Colliding with Bill Dudley at a Crossroads

New York Fed President Bill Dudley and I debated The Fed at a crossroads: Where to go next? at Brookings yesterday, moderated by David Wessel.  Bill argued against a more rules-based road ahead for the Fed. I disagreed, but this kind of discussion from the Fed is helpful given recent legislation requiring it to report its rule or strategy.

Surprisingly, most of Bill’s points were directed at the Taylor rule, and here we collided.

First, Bill says that the Taylor rule is not forward-looking because it includes current inflation and output rather than forecasts of those variables.  But the Taylor rule was designed to deal explicitly with forecasts, and it is in fact forward-looking in important ways. Note that when a central bank indicates that it will predictably follow a rule in which the interest rate reacts to the current inflation rate, it automatically says that next period’s interest rate will react to next period’s inflation rate. That’s forward-looking. Moreover, the current level of inflation and output are factors in the forecast of inflation, and the coefficients in the Taylor rule take that into account.

Now, one could replace current inflation with a forecast of inflation in the Taylor rule—as Bill seems to suggest, but the coefficients would most likely have to be different.  And that approach raises the question of whose forecast to use and how to evaluate the rule. Remember that forecasts—including the Fed’s forecasts—are not that good. Also rules with forecasts of inflation and output on the right hand side tend not to be robust.

Second, Bill argues that the equilibrium interest rate in the Taylor rule should not be a constant.  The original rule took the real equilibrium rate to be 2%, meaning that with the 2% target inflation rate in the rule, the equilibrium nominal rate would be 4%.  But there is no reason why a moving rate could not be incorporated into the rule, and many have suggested doing so. In my view debates about the implications of changes in the equilibrium interest rate are more productive if they are conducted within the framework of a policy rule rather than in the abstract. According to the Fed’s dots, the equilibrium rate is slightly lower than FOMC members earlier believed—3.5% rather than 4.0%. That’s no reason to steer away from rules-based policy.

The adjustment that I suggested in 2008 to add a smoothed spread between Libor and the overnight index swap to the rule is an example of how such developments can be incorporated. Bill mentions this adjustment as reason why the Taylor rule should not be used mechanically.  I agree that the Taylor rule should not be used mechanically, and I emphasized that in the original paper.  The adjustment I suggested in 2008 was meant to deal in a systematic way with a particular problem in the money market at that time. The models that were used to find the Taylor rule in the first place implied such an adjustment.

Bill also refers to the zero lower bound as a reason to deviate from the Taylor rule. Well, the zero bound was not a reason for the deviation in 2003-2005 and it is not a reason now, with the zero bound no longer binding.
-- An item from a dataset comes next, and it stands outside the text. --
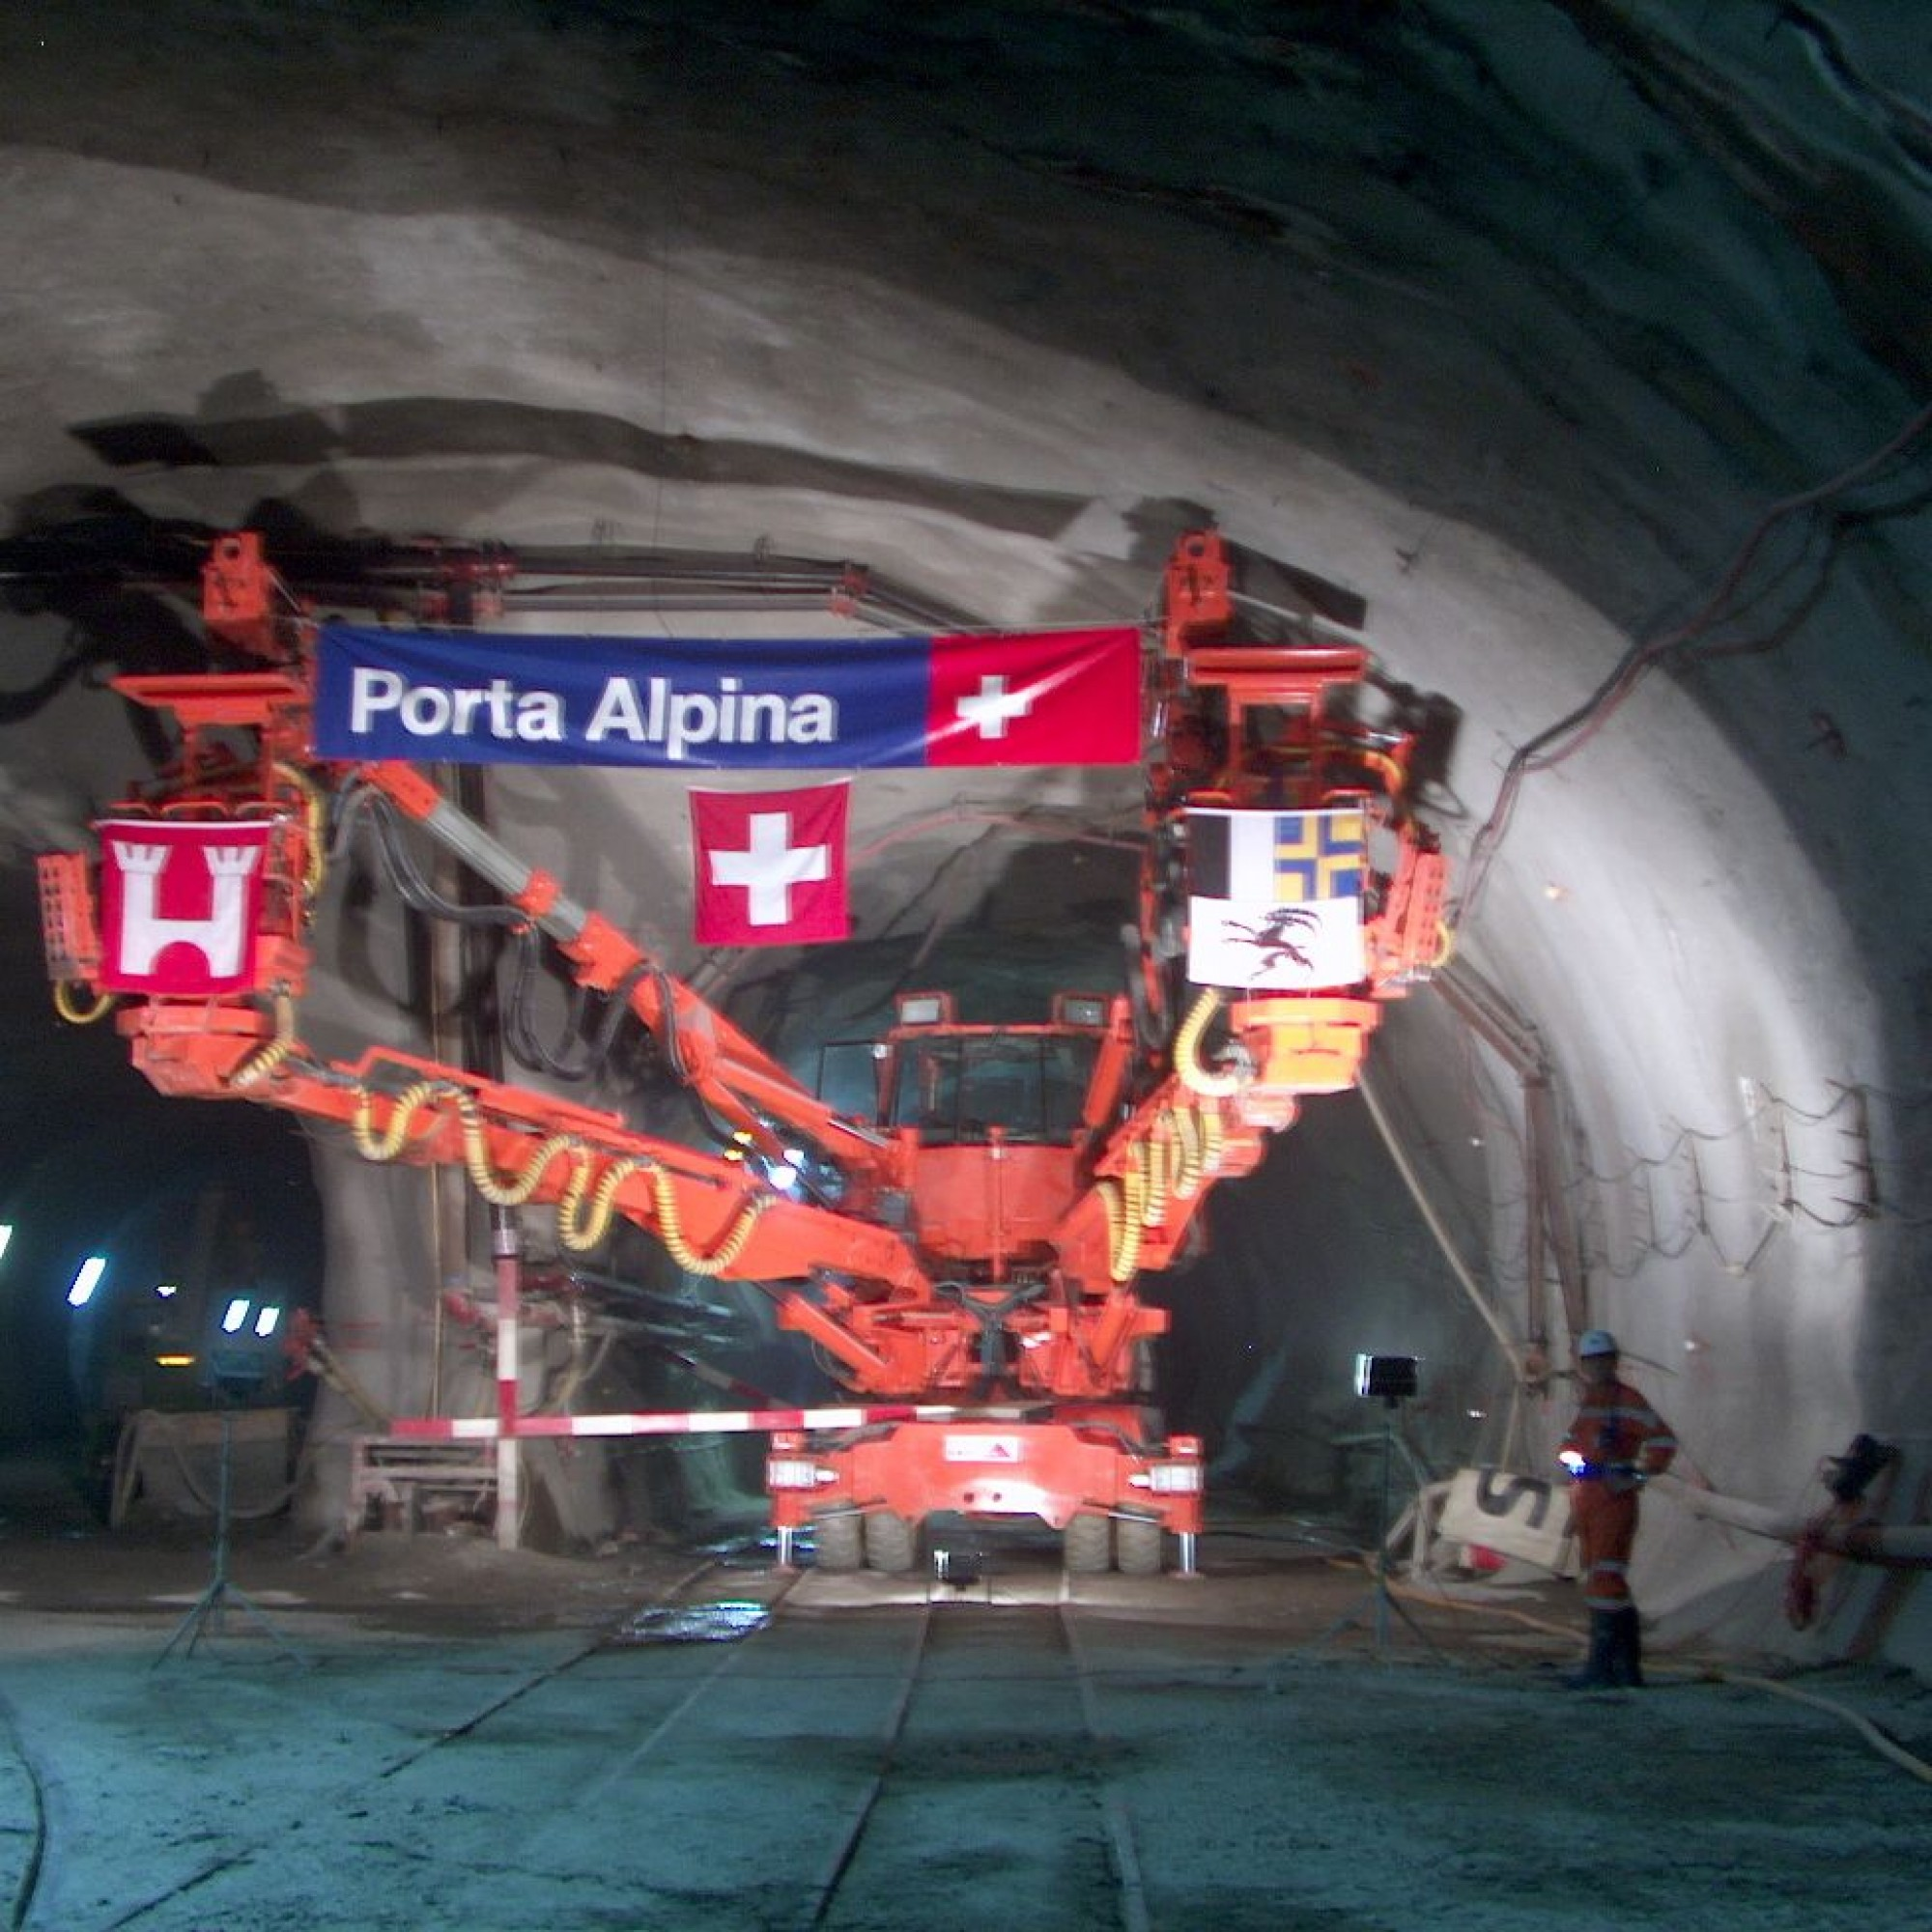 Anschlagsfeier Porta Alpina

The zero-bound was taken into account in policy rule design research long ago.  My view has been that interest rate rules are best thought of as part of a more encompassing rule in which the instrument becomes money growth in deflationary or hyper inflationary situations.
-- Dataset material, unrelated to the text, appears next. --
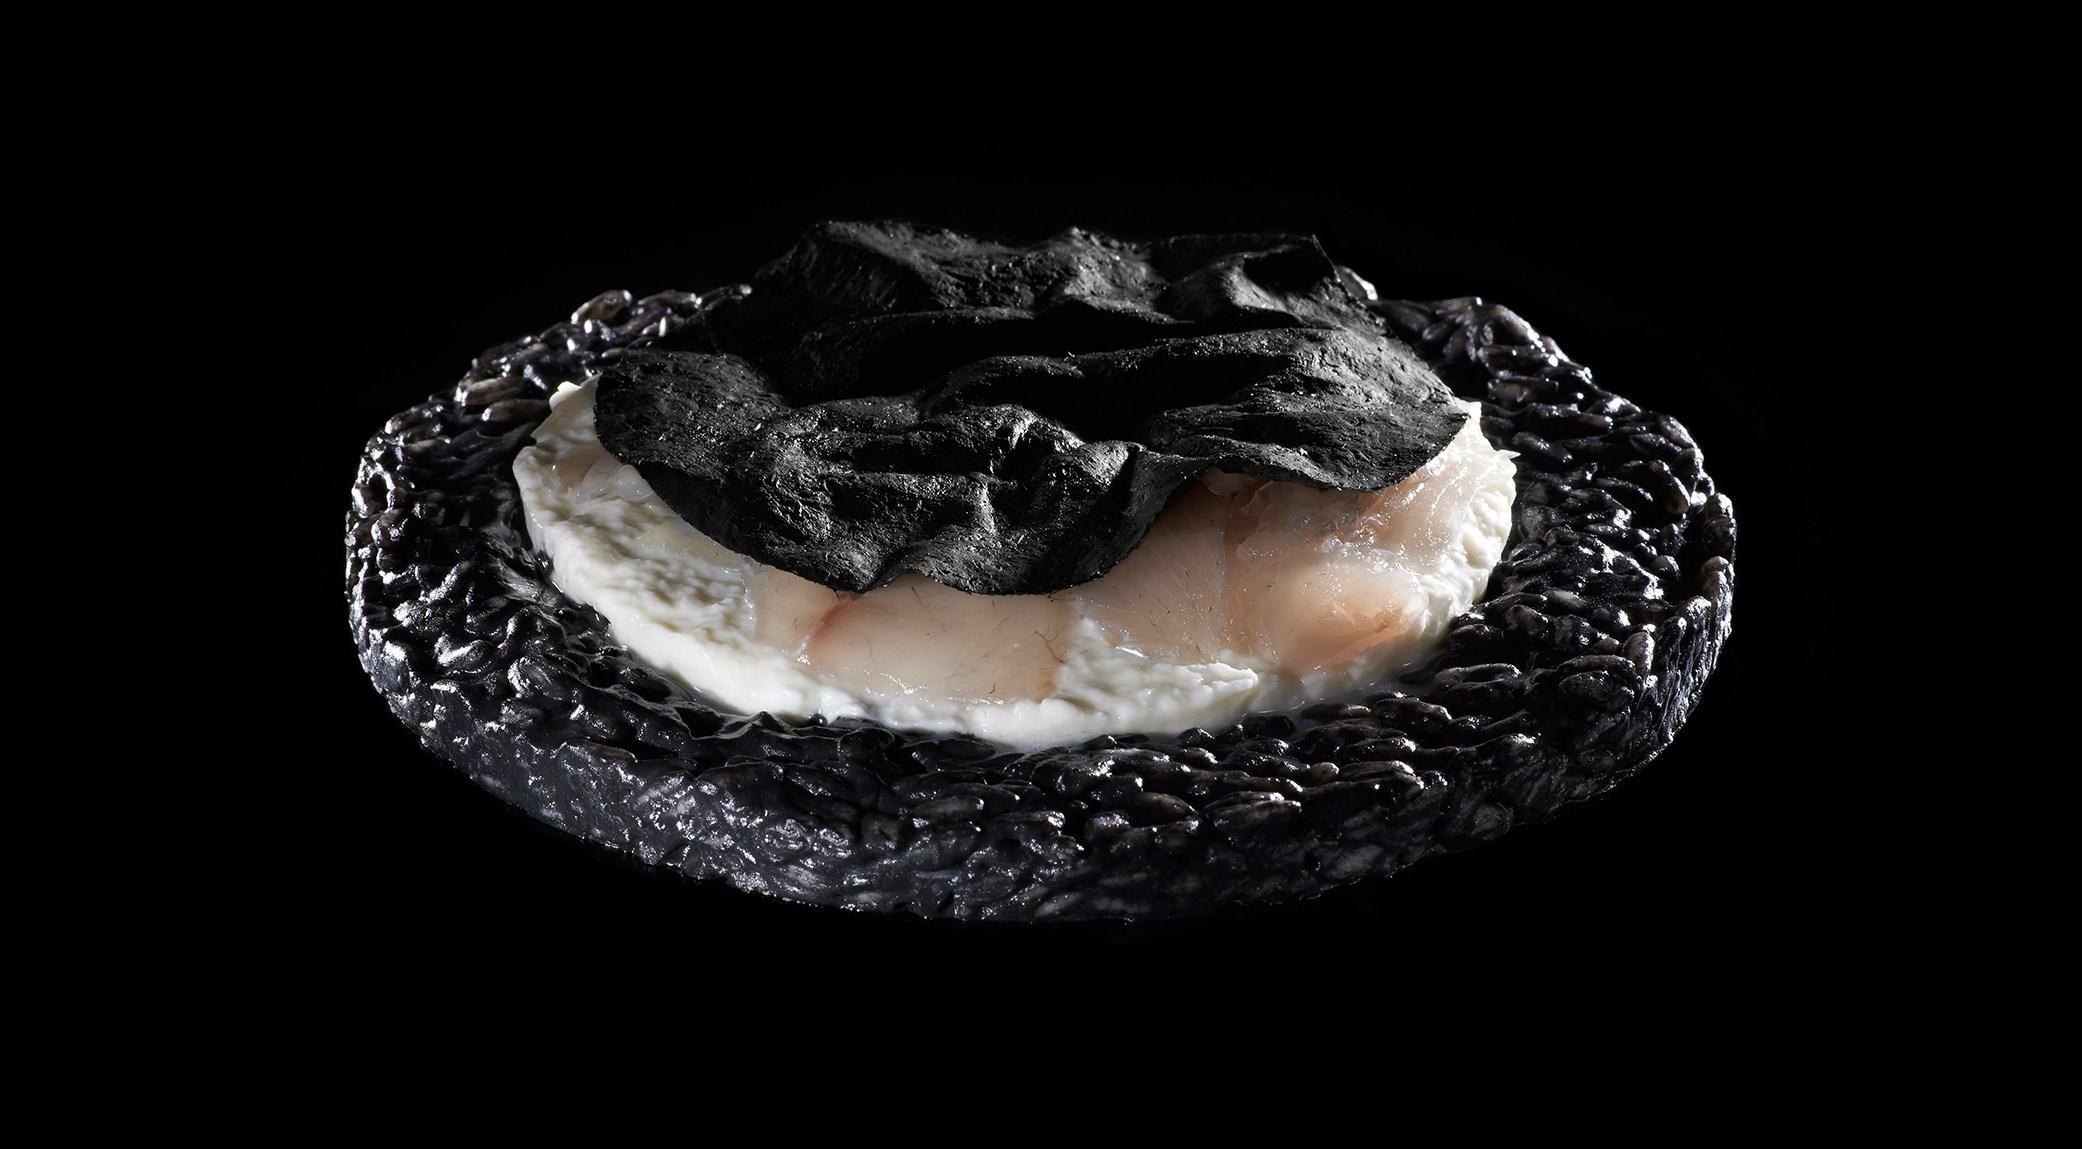 black-celebration-una-notta-dal-mare--Marco-Varoli-

Third, Bill says the Taylor rule is too simple because it omits certain variables. Well, the Taylor rule is simple, because we made it simple.  At the time people were coming up with all sorts of complex rules that included many of the types of variables that Bill thinks should be there, including asset prices. These rules were too complex to be workable in practice. So we boiled them down. It was amazing that we could. We found that removing certain variables gave just as good a performance in many models and was more robust over all. It certainly was something more practical for policy makers to work with.

In any case Bill seems to want to complicate things again by adding in many more variables.  But saying that you need to take account of everything under the sun is not a good way to make policy. A “careful elucidation,” as he describes it, of key factors sounds better, but not if you don’t have a strategy to react to those factors. That strategy is what is missing from Bill’s favored approach. That is why I disagree with it, and why I favor a rules-based policy for the Fed with the Fed choosing its strategy, which of course does not have to be the Taylor rule.